8. In the present case, the preferred mixture of specific hydantoic epoxide derivatives of formulae (III) and (IV) is incorporated in the powder according to Claims 1 to 15, as a component (a) by blending with the component (b). Thus the suggested derivatives provide an essential element of the powder which is a composite product. If unity may well prevail in cases of chemical intermediates and end product although, as is often the case, only a part of the intermediate structure is actually incorporated, the more might the intact components and the corresponding compositions as a mixture be considered as technically interconnected by incorporation. The former are not even destroyed when the admixture is prepared and fully retain their properties and functions in the product, unlike typical intermediates which lose their identity in the process.
9. The preferred combination of compounds according to formulae (III) and (IV) is not a mere optional ingredient of the mixture but an essential feature thereof. In addition it is not a minor component in the present case but a substantial part of the blend (cf. Claims 6 and 13 referring to excess on component (b)) and fully contributes to its function. In addition, no other use for the particular component appears in the disclosure. As regards the circumstance that the scope of the subject- matter of Claim 31 is only co-extensive with that of Claim 7, and not with the broader Claim 1, this is not relevant. The fact that the applicant refrains from claiming component (a) of the combination, per se, more broadly or exactly as extensively as it is defined in Claim 1, may have many reasons. Some of the variants might well be already known, and the applicant could have also decided to exercise a voluntary restraint in claiming a monopoly for some commercial or legal reasons.

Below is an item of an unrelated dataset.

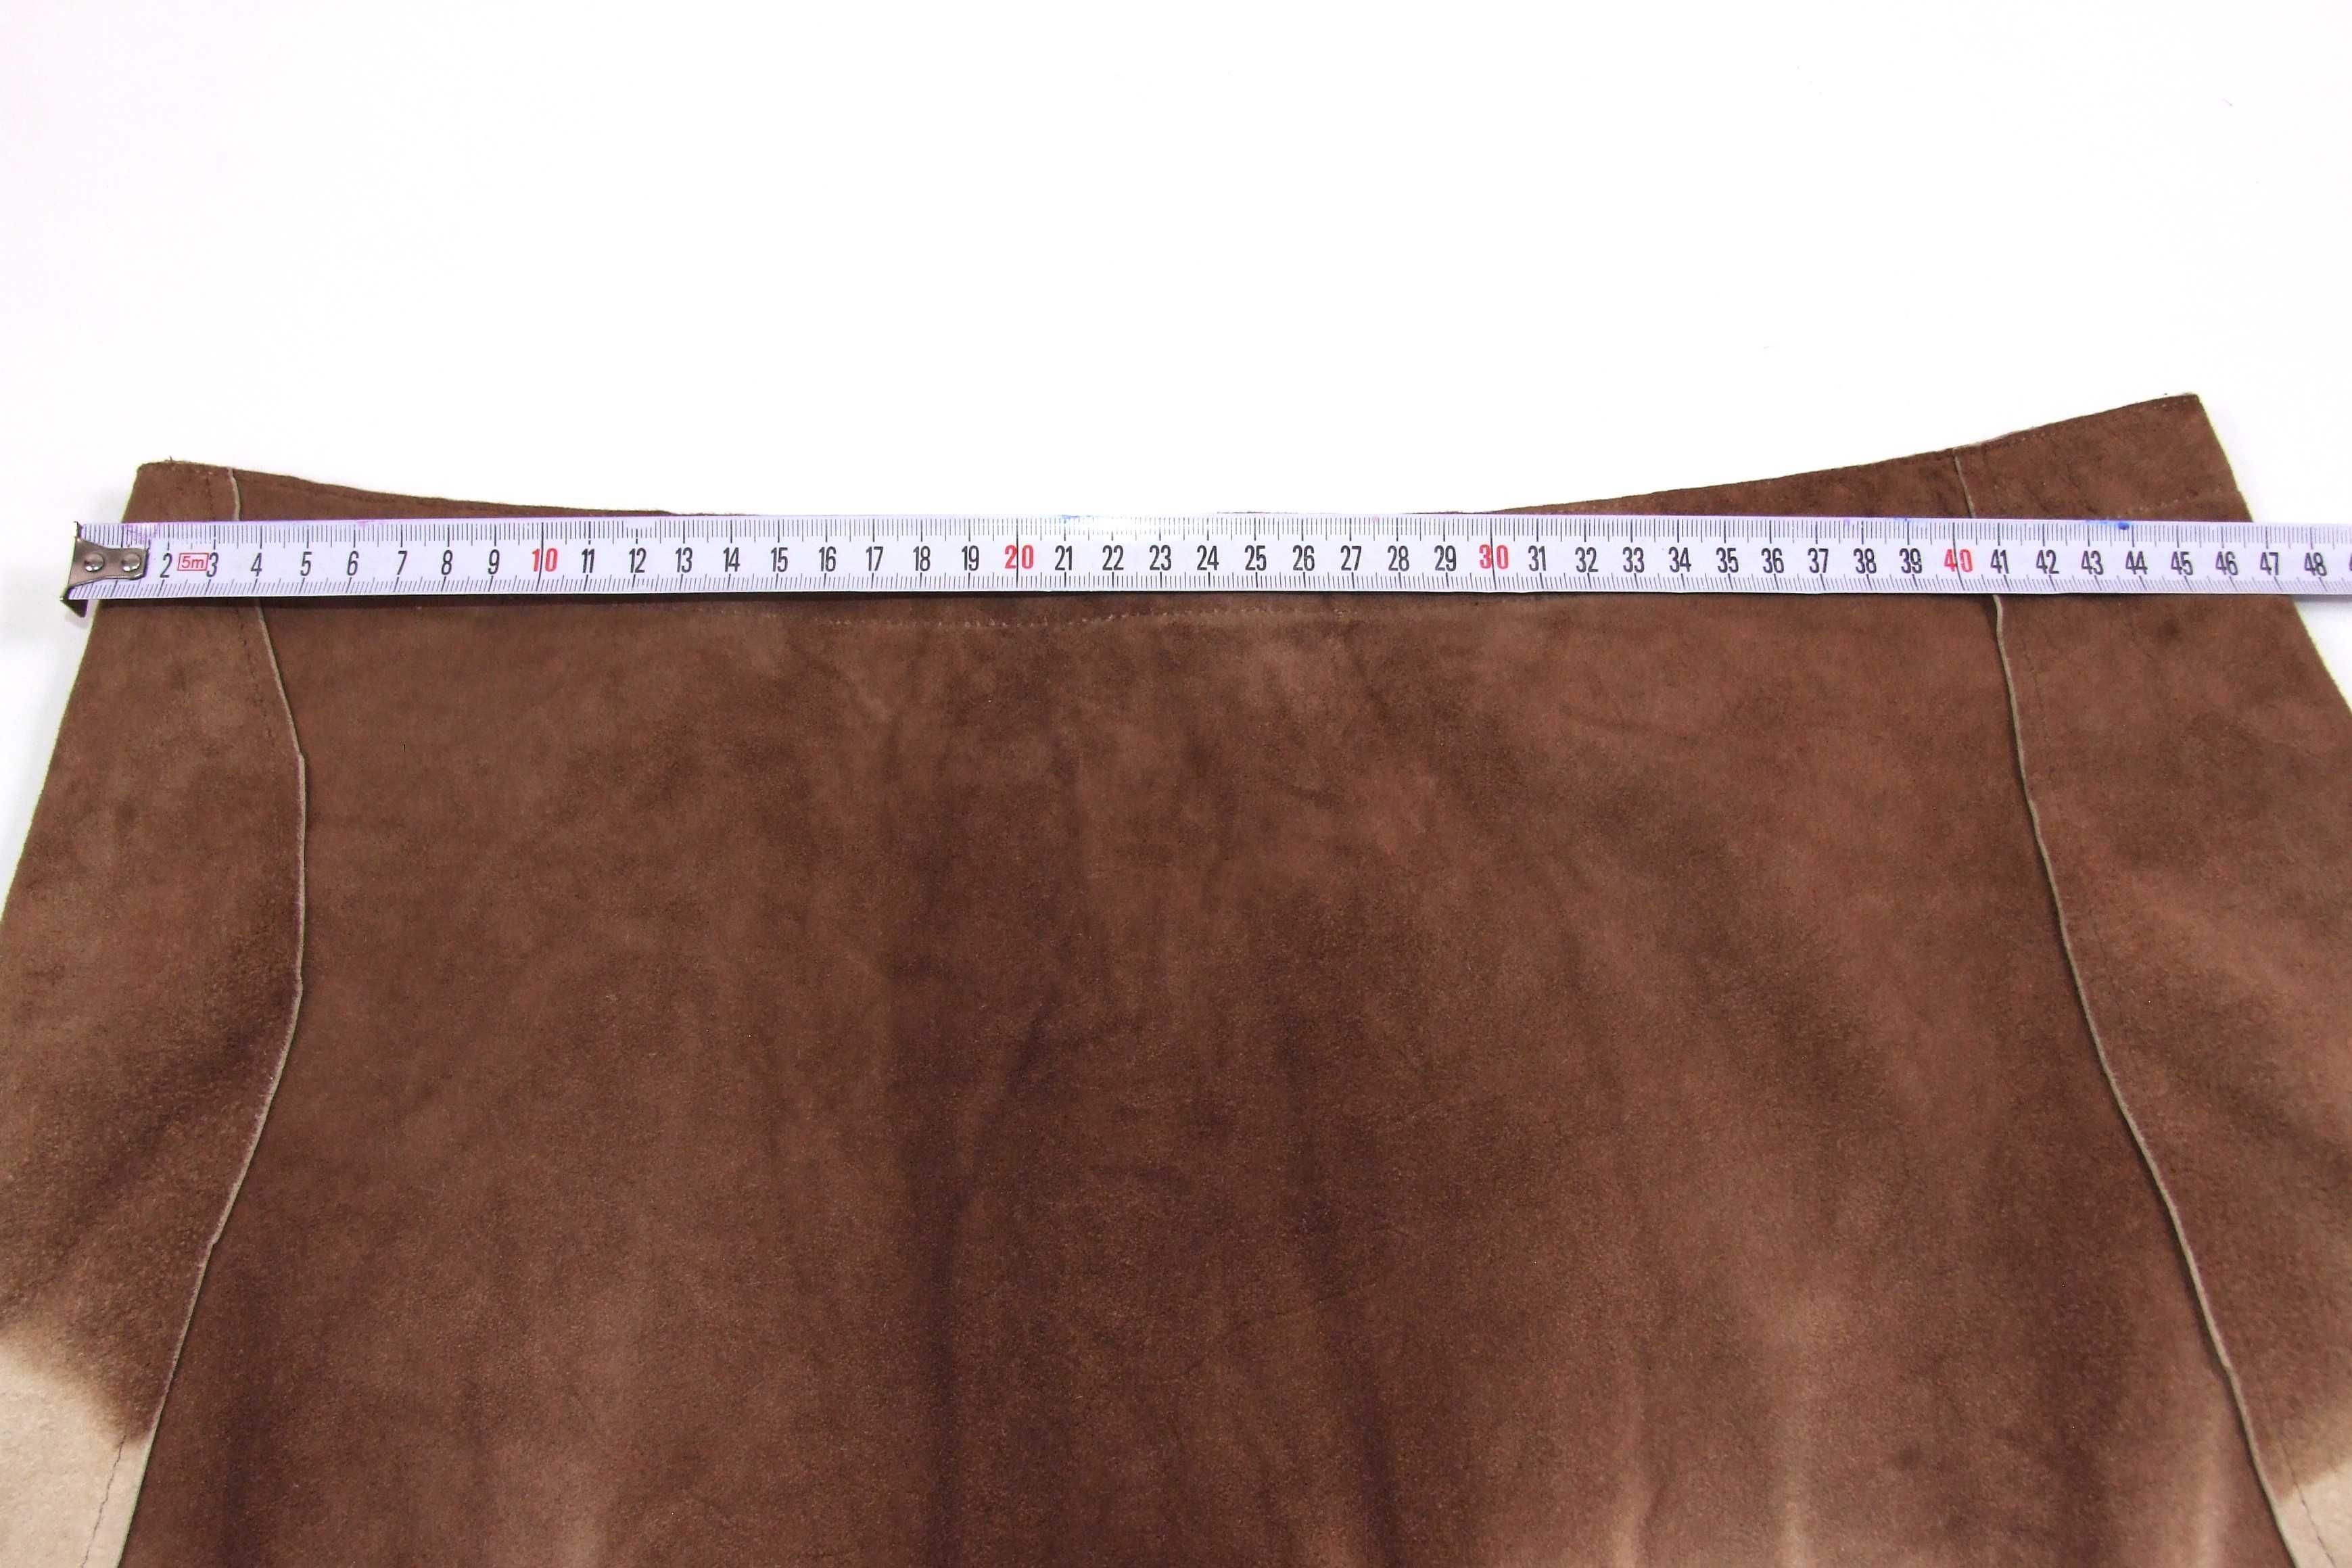 Fusta piele naturala caprioara, masura 46-48, Made in India, NOUA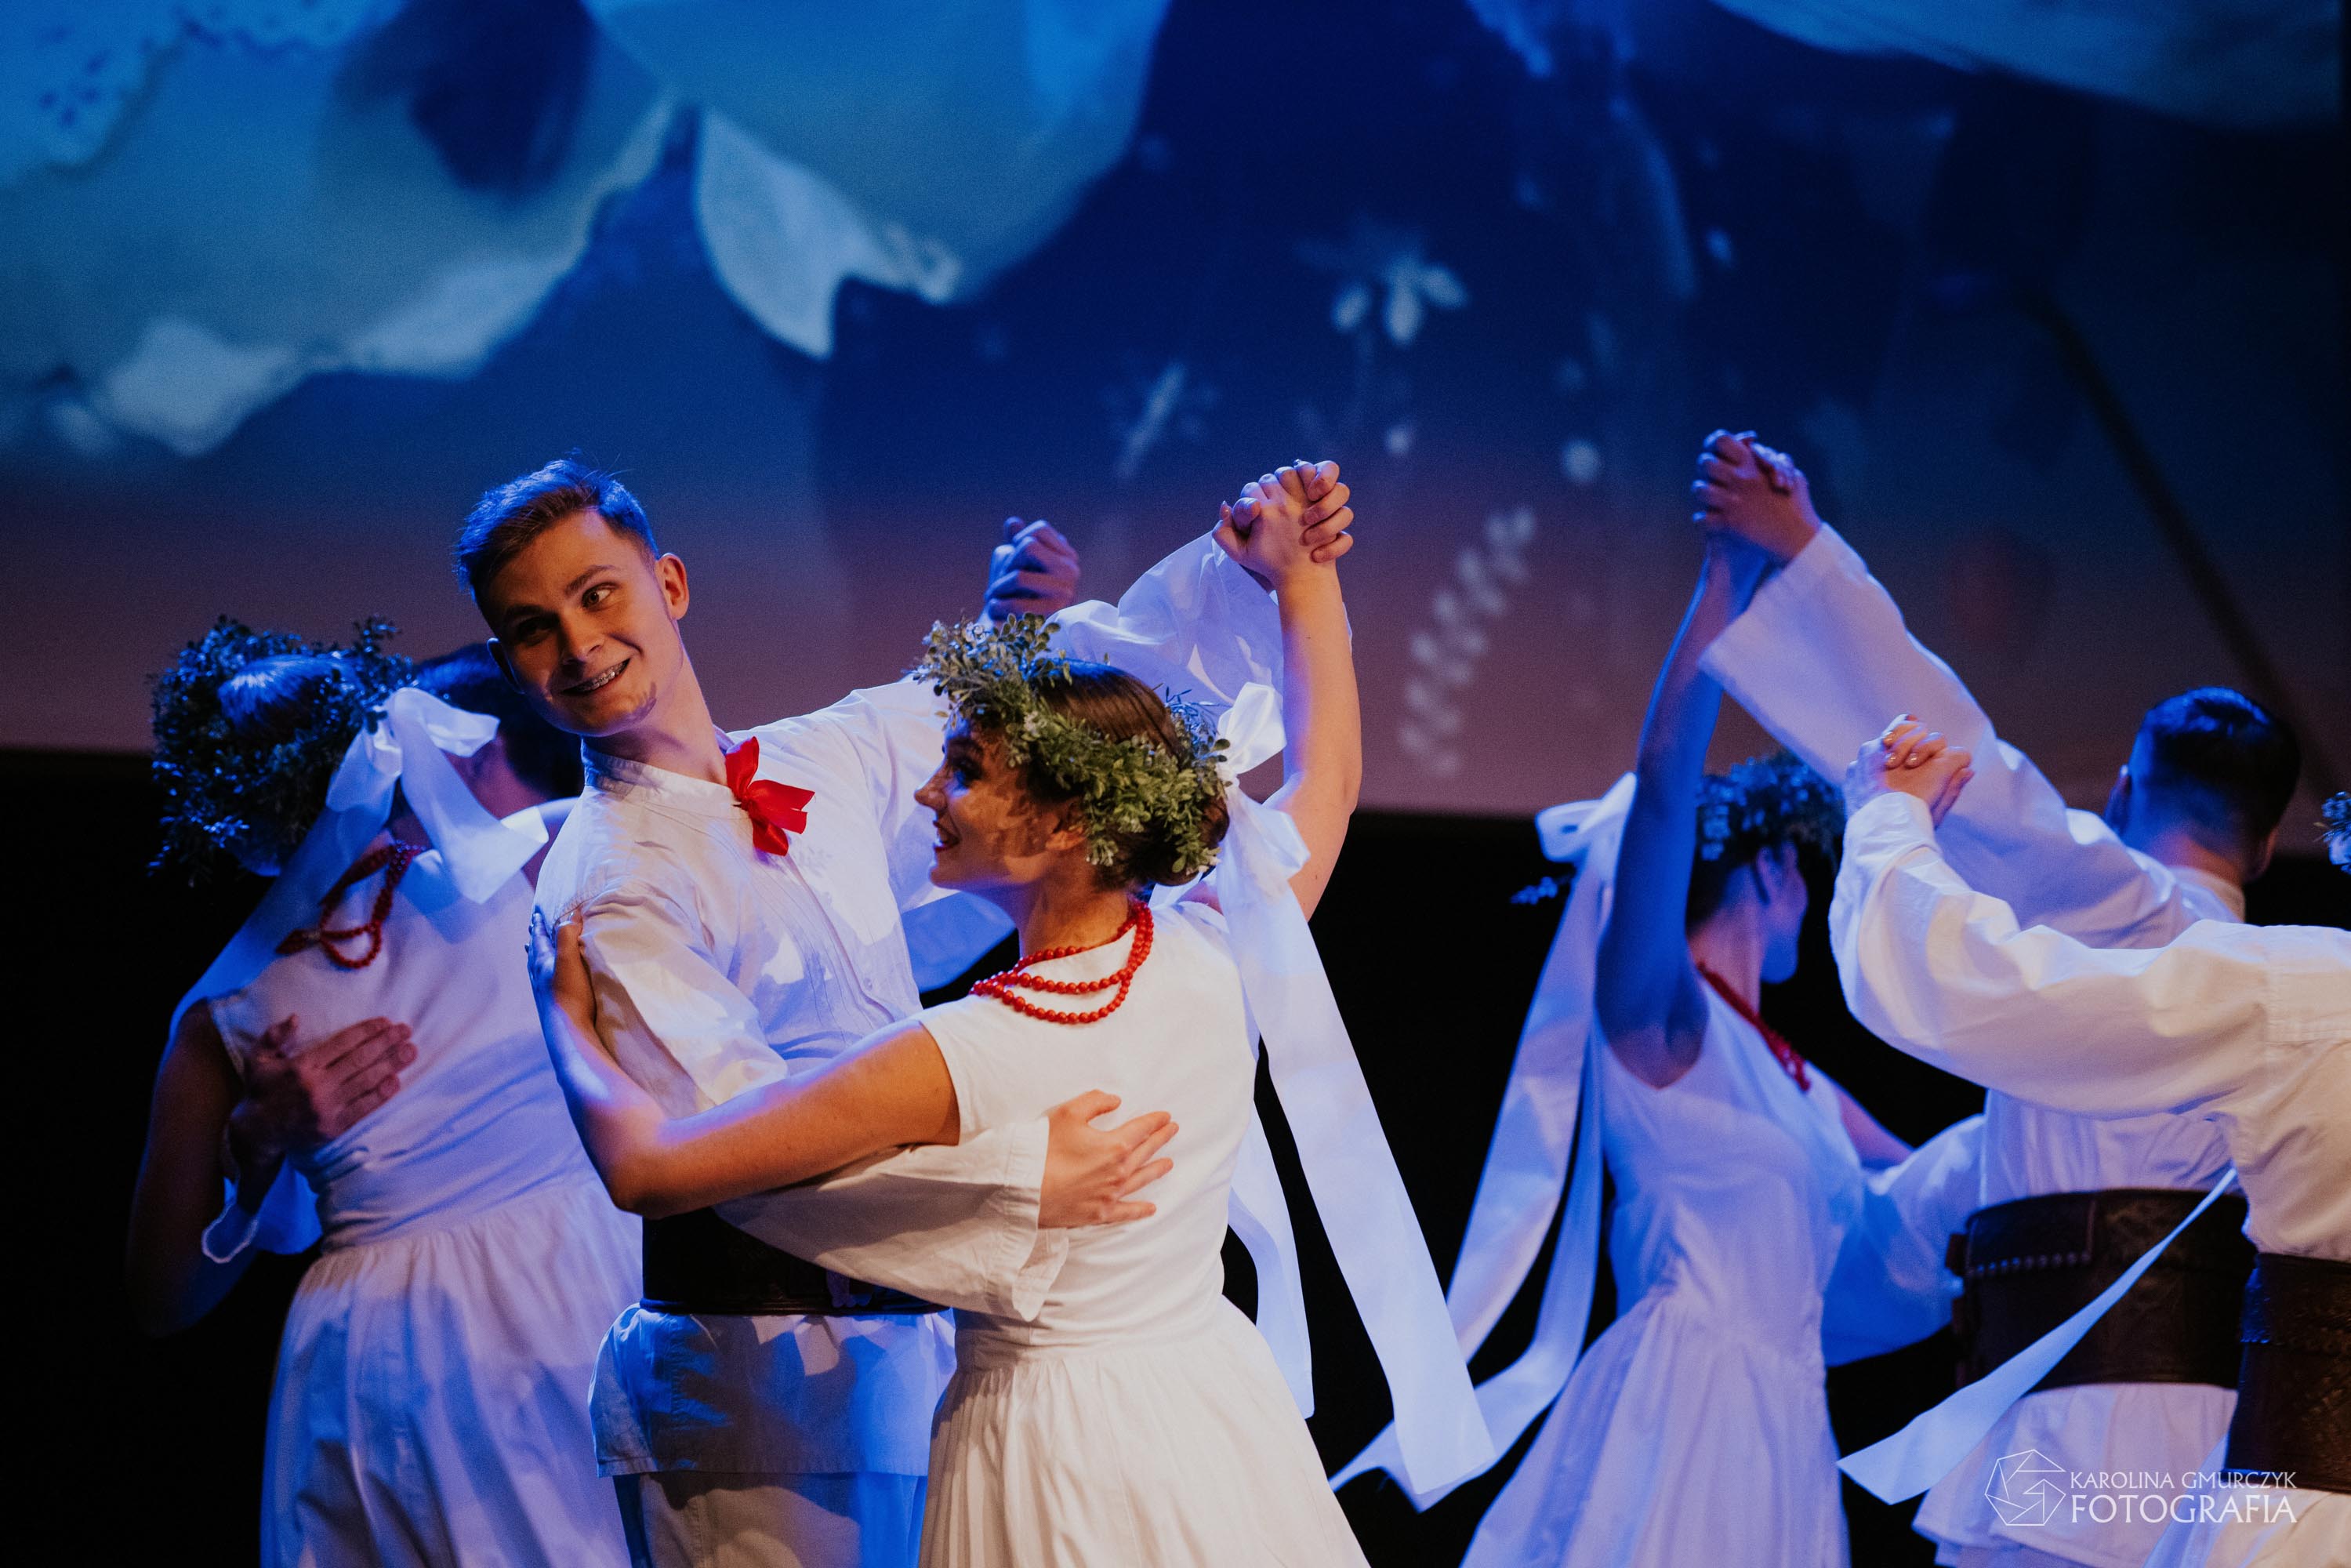 Na scenie Sokołowskiego Ośrodka Kultury widać wirujące w tańcu pary ubrane w tradycyjne regionalne stroje ludowe w kolorze białym. Tancerki ubrane w białe sukienki z czerwonymi akcentami i zielonym wiankiem na głowie. Tancerze ubrani w długie białe spodnie i białe kaftany z czerwoną wstążką pod szyją, przepasani przez biodra skórzanymi pasami.

10. There is sufficient technical information to justify a prima facie finding of unity of invention between a claim to a mixture, i.e. composition, and a claim to one essential component, i.e. element, of that mixture or a narrowly defined version thereof. Thus, both inventions could be considered to fall within the same general inventive concept. In such cases the requirement that the means for preparing the end product should be "specially designed for carrying out the process" appears to be fulfilled since none of the means leads or is related to an end product outside the scope of the definition thereof. In view of this the character of the invention in the component is, prima facie, also dependent on the existence of an invention in the end product and it would, in this situation, be improper to doubt unity until examination of the corresponding inventive steps results in an, a posteriori, loss of unity later on. Since no other kind of component, e.g. the type (b), is also claimed in the application, the question of the relationship of the components to each other does not arise in connection with unity. For these reasons, the subject-matters of all claims possess unity in the present case. The additional search fee cannot, therefore, be retained in any case.
ORDER
For these reasons, it is decided that:
Refund of the additional search fee is ordered.